The Supreme Court of the United States is the highest judicial body in the United States, and leads the federal judiciary. It consists of the Chief Justice of the United States and eight Associate Justices, who are nominated by the President and confirmed with the "advice and consent" (majority vote) of the Senate. Once appointed, Justices effectively have life tenure, serving "during good behavior", which terminates only upon death, resignation, retirement, or conviction on impeachment. The Court meets in Washington, D.C. in the United States Supreme Court building. The Supreme Court is primarily an appellate court, but it has original jurisdiction over a small range of cases.
Supreme Court facts and landmark cases are available through the following links at ConstitutionFacts.com:
Supreme Court Facts
Supreme Court Landmark Cases
Getting into Court
With few exceptions, the life of a U.S. Supreme Court Case begins when a lower court case ends, since the Supreme Court is primarily a court of appeals. The losing party in a lower court case must request entry onto the court’s calendar. The justices then decide whether to hear the case, the crucial factor being whether the case can shed new light on an issue of Constitutional law. The Court hears about 80 of the 7,000-8,000 cases that compete for a spot on the court's calendar each year.
Preparing for the Hearing
Once the court agrees to hear the case, lawyers from each side must submit written arguments. Each justice will typically choose a clerk to review the arguments and prepare a memo, outlining the issues the case presents. The lawyers for each side are told the date of their oral arguments. Shortly before oral arguments, justices review the memos, so they can anticipate each party’s argument, and the theories behind their reasoning.
Inside the Courtroom
Each party has one half hour for their oral arguments, including questions from the justices. The justices are seated in order of seniority, with the Chief Justice seated in the center. The next senior justice sits to his right. The next senior justice sits to the Chief Justice’s left, and so on, in alternating order. Justices often question the lawyers as their arguments proceed.

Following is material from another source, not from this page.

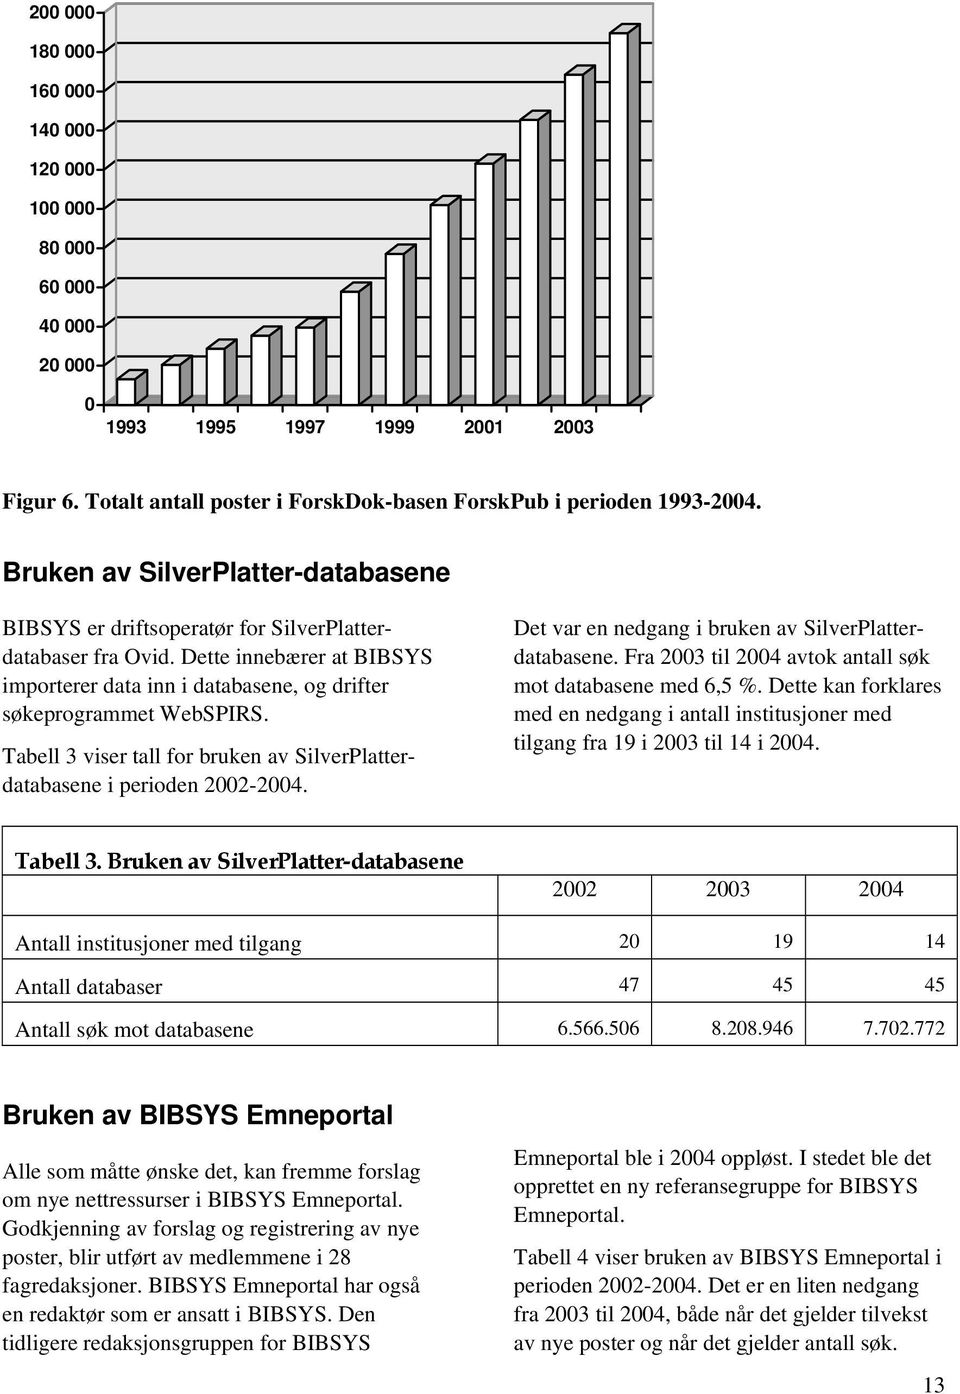 Tabell 3 viser tall for bruken av SilverPlatterdatabasene i perioden 2002-2004. Det var en nedgang i bruken av SilverPlatterdatabasene. Fra 2003 til 2004 avtok antall søk mot databasene med 6,5 %.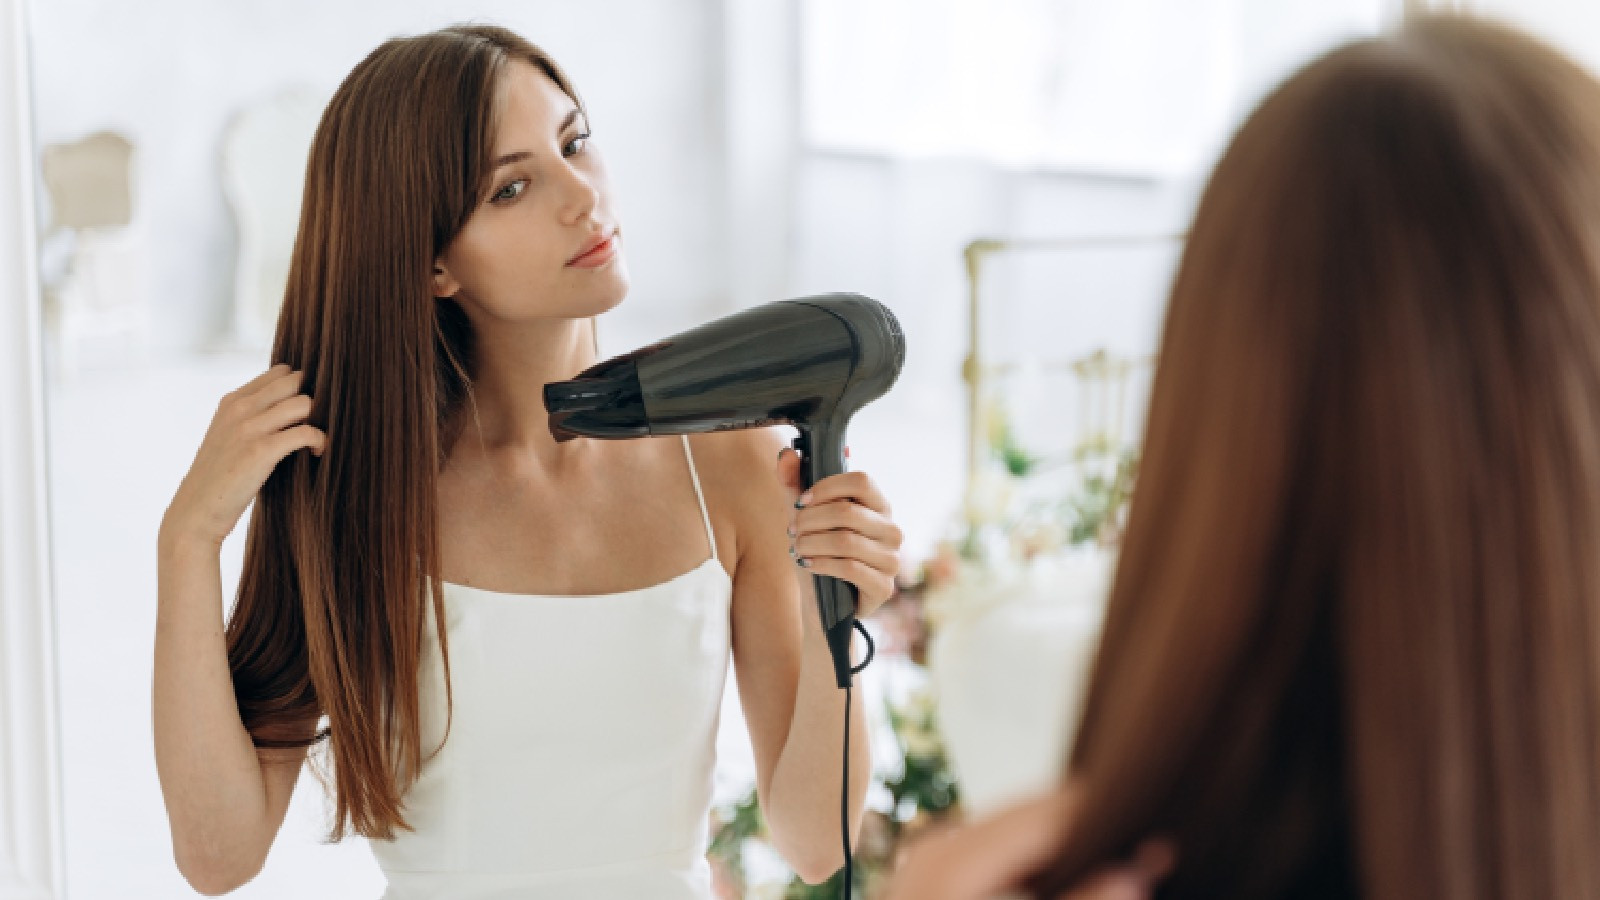 Saç kurutma makinası kullanırken önemli püf noktalarına dikkat ederek saçlarınızı daha sağlıklı ve güzel bir şekilde kurutabilirsiniz.

After the oral arguments, there are more arguments, only now they are among the nine justices themselves. They review the case with their clerks (who are recent law school graduates), and chart out an initial impression of their votes. On a day soon thereafter, the justices meet in a conference room, casting their votes. The senior justice on the winning side assigns a justice to the task of writing the majority opinion. That justice will often assign a clerk to prepare a draft of the opinion, usually choosing the clerk who prepared the memo prior to the oral argument. The justice will then use that memo as a basis for writing his or her opinion. The opinion is then passed along to members of the majority, who suggest revisions. Some opinions are revised a dozen or more times before they are announced. When each member of the majority signs off on the opinion, it is ready to be made public. From the bench, the author of the majority opinion will summarize the decision. At that point, the case is forever part of Constitutional law doctrine.